I sat down at the kitchen table and started buffing my loafers again.
“While you were gone yesterday I put all Clete’s stuff in the basement,” Dixie Lee said. “Was that all right?”
“Sure.”
“He’ll probably get out in a couple more days. He’s got one rib that’s broke bad, though. The doc says he’s got ulcers, too.”
“Maybe he’ll go back to New Orleans and get started over again.”
“There was something funny in his jeep.”
“What’s that?” But I really wasn’t listening.
“A pillowcase. With sand in it.”
“Huh.”
“Why would he put sand in a pillowcase?”
“I don’t know.”
“He must have had a reason. Clete never does anything without a reason.”
“Like I say, I don’t know.”
“But it’s funny to do something like that. What d’you think?”
“I don’t care, for God’s sakes. Dixie, cut me some slack, will you?”
“Sorry.”
“It’s all right.”
“I just thought I’d get your mind off of things.”
“Okay.”
“I want to see you loosen up, smile a little bit, start thinking about Louisiana, let them people handle it.”
“I’ll do all those things. I promise,” I said, and I went into the bathroom, washed my face, then waited out on the front porch until it was time for Alafair to get out of school.
But he was right. I was wired, and I was thinking and acting foolishly. In finding the bodies of the Indians I had been far more successful than I had ever thought I would be. Even if the FBI or the locals didn’t find the Tokarev, Mapes would still remain the prime suspect in the murder because of motive and Dixie Lee’s testimony, and he could be discredited as a prosecution witness against me in Louisiana. No matter how it came out, it was time to pack our bags for New Iberia.
And that’s what I started doing. Just as the phone rang.
“Mr. Robicheaux?” a woman said.
“Yes.”
“This is the secretary at the DEA in Great Falls. Special Agent Nygurski called a message in from his car and asked me to relay it to you.”
“Yes?”
“He said, ‘They found the weapon. Mapes is in custody. Call in a couple of days if you want ballistic results. But he’s not going to fly on this one. Enjoy your trip back to Louisiana.’ Did you get that, sir?”
“Yes.”
“Did you want to leave a message?”
“Tell him Playgirl magazine wants him on a centerfold.”
She laughed out loud.
“I beg your pardon?” she said.
“Tell him I said thank you.”
Five minutes later Alafair came through the front door with her lunch box.
“How’d you like to head home day after tomorrow?” I said.
Her grin was enormous.
We cooked out in the backyard that evening and had Tess Regan over, then Alafair and I climbed the switchback trail to the concrete M on the mountain behind the university. The whole valley was covered with a soft red glow. The wind was cold at that altitude, even though we were sweating inside our clothes, and rain and dust were blowing up through the Bitterroot Valley.
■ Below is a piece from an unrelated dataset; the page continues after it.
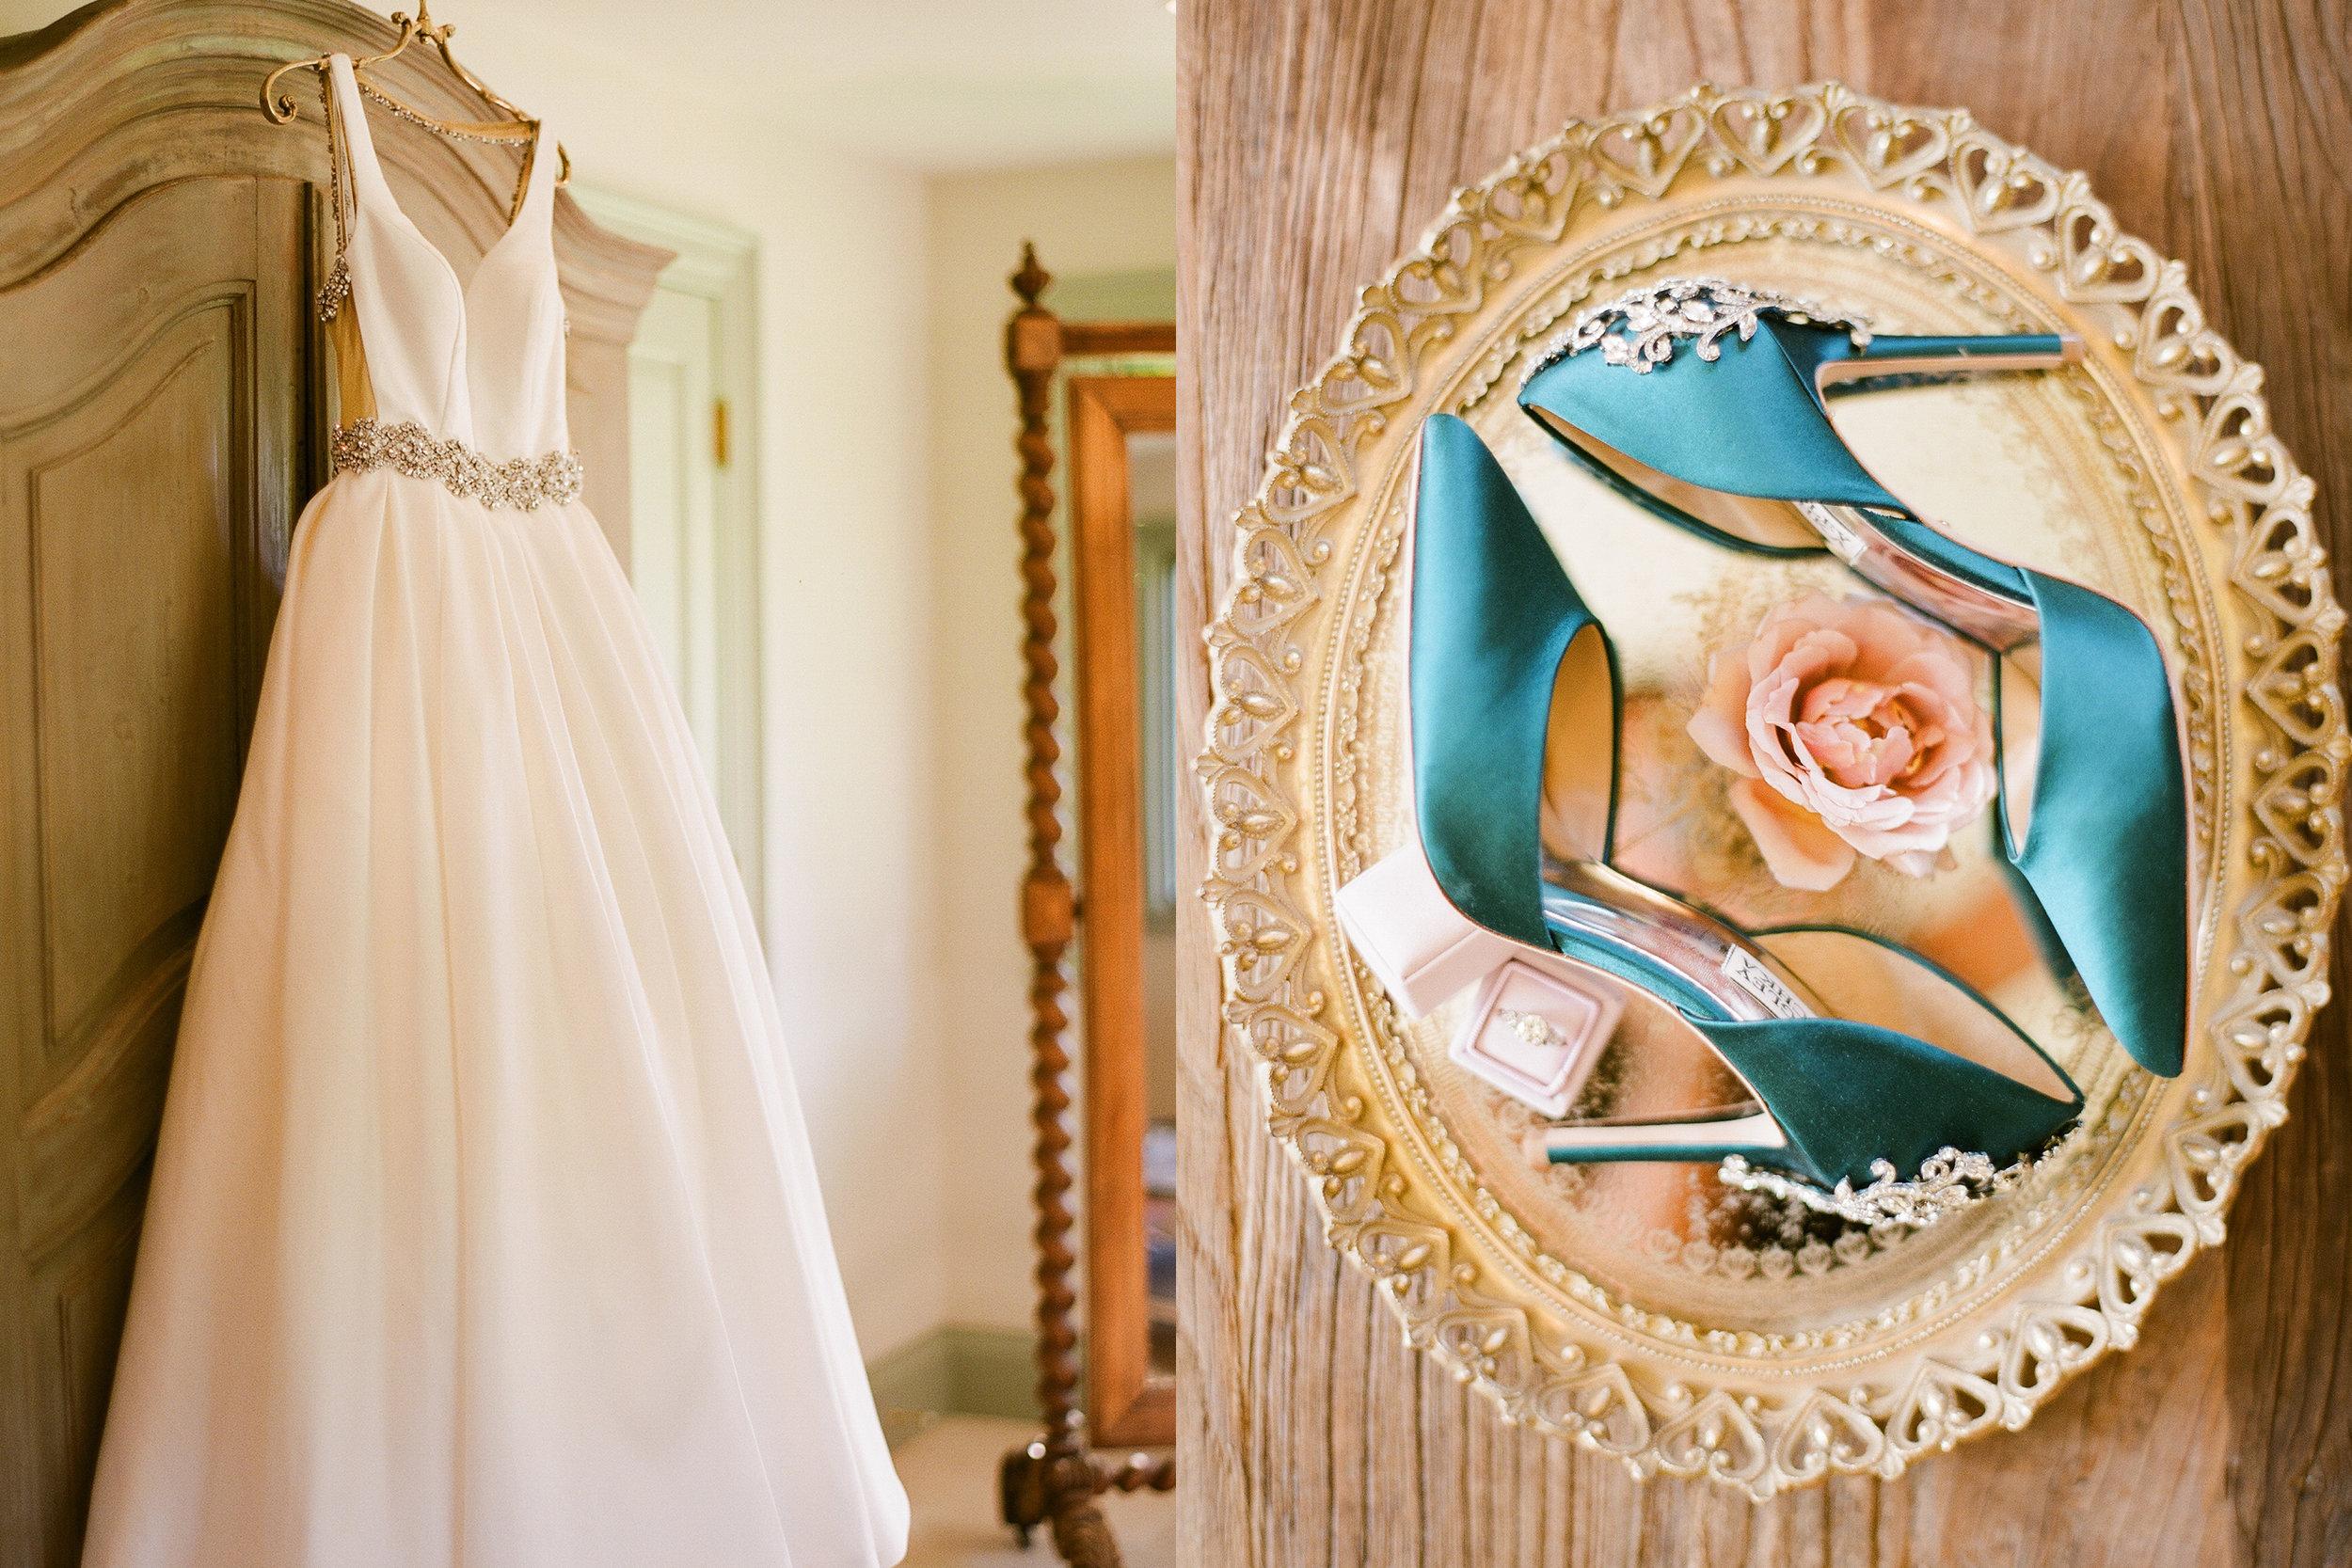 santa-barbara-elopement-elope-wedding-planner-planning-coordinator-day-of-intimate-event-design-kestrel-park-santa-ynez-english-country-estate-garden-castle (2).jpg

Then the wind began to blow harder through the Hellgate, flattening the lupine and whipping grains of dirt against our skin. Overhead a U.S. Forest Service fire-retardant bomber came in low over the mountains and turned toward the smoke jumpers’ school west of town, its four propellers spinning with silver light in the sun’s afterglow.
The thought that had kept bothering me all afternoon, that I had tried to push into a closed compartment in the back of my mind, came back like a grinning jester who was determined to extend the ball game into extra innings.
When we got home I unlocked Clete’s jeep and picked up the soiled pillowcase that was on the floorboard. I turned it inside out and felt the residue of dry sand along the seams. Then I called Sally Dio’s number at the lake. It was disconnected. I had reserved the next day for packing, shutting off the utilities, greasing the truck, making sandwiches for our trip home, and having a talk with Tess Regan about geographic alternatives. But Sally Dee was to have one more turn in my life.
“What time are you going in to work?” I said to Dixie Lee at breakfast the next morning.
“I ain’t. The boss man said he don’t need me today. That’s something I want to talk with you about, Dave. With you cutting out, I don’t know what kind of future I got here. Part-time forklifting ain’t what you’d call a big career move.”
“Will you watch Alafair while I go up to the lake?”
“Why you going up there?”
“I need to talk with Dio. If he’s not there, I’ll leave him a note. Then I’ll be back.”
“You’re going to do what?” He set his coffee cup down on the table and stared at me.
I drove to Polson, then headed up the east side of the lake through the cherry orchards. I could have called Dan Nygurski or the sheriff’s office, but that would have forced me to turn in Cletus, and I thought that a man with ulcers, a broken rib, a crushed hand, and stitches in his head had paid enough dues.
It was cold and bright on the lake. The wind was puckering the electric-blue surface, and the waves were hitting hard against the rocks along the shore. I parked in front of the Dios’ redwood house on the cliff, took off my windbreaker and left it in the truck so they could see I wasn’t carrying a weapon, and used the brass knocker on the door. There was no answer. I walked around the side of the house, past the glassed-in porch that was filled with tropical plants, and saw the elder Dio in his wheelchair on the veranda, his body and head wrapped in a hooded, striped robe. In his hand was a splayed cigar, and inside the hood I could see the goiter in his throat, his purple lips, the liquid and venomous expression in his eyes. He said something to me, but it was lost in the wind, because I was looking down the tiers of redwood steps that led to the rocks below and the short dock where Sally Dee and his two hoods had just carried armloads of suitcases and cardboard boxes. Even Sal’s set of drums was stacked on the dock.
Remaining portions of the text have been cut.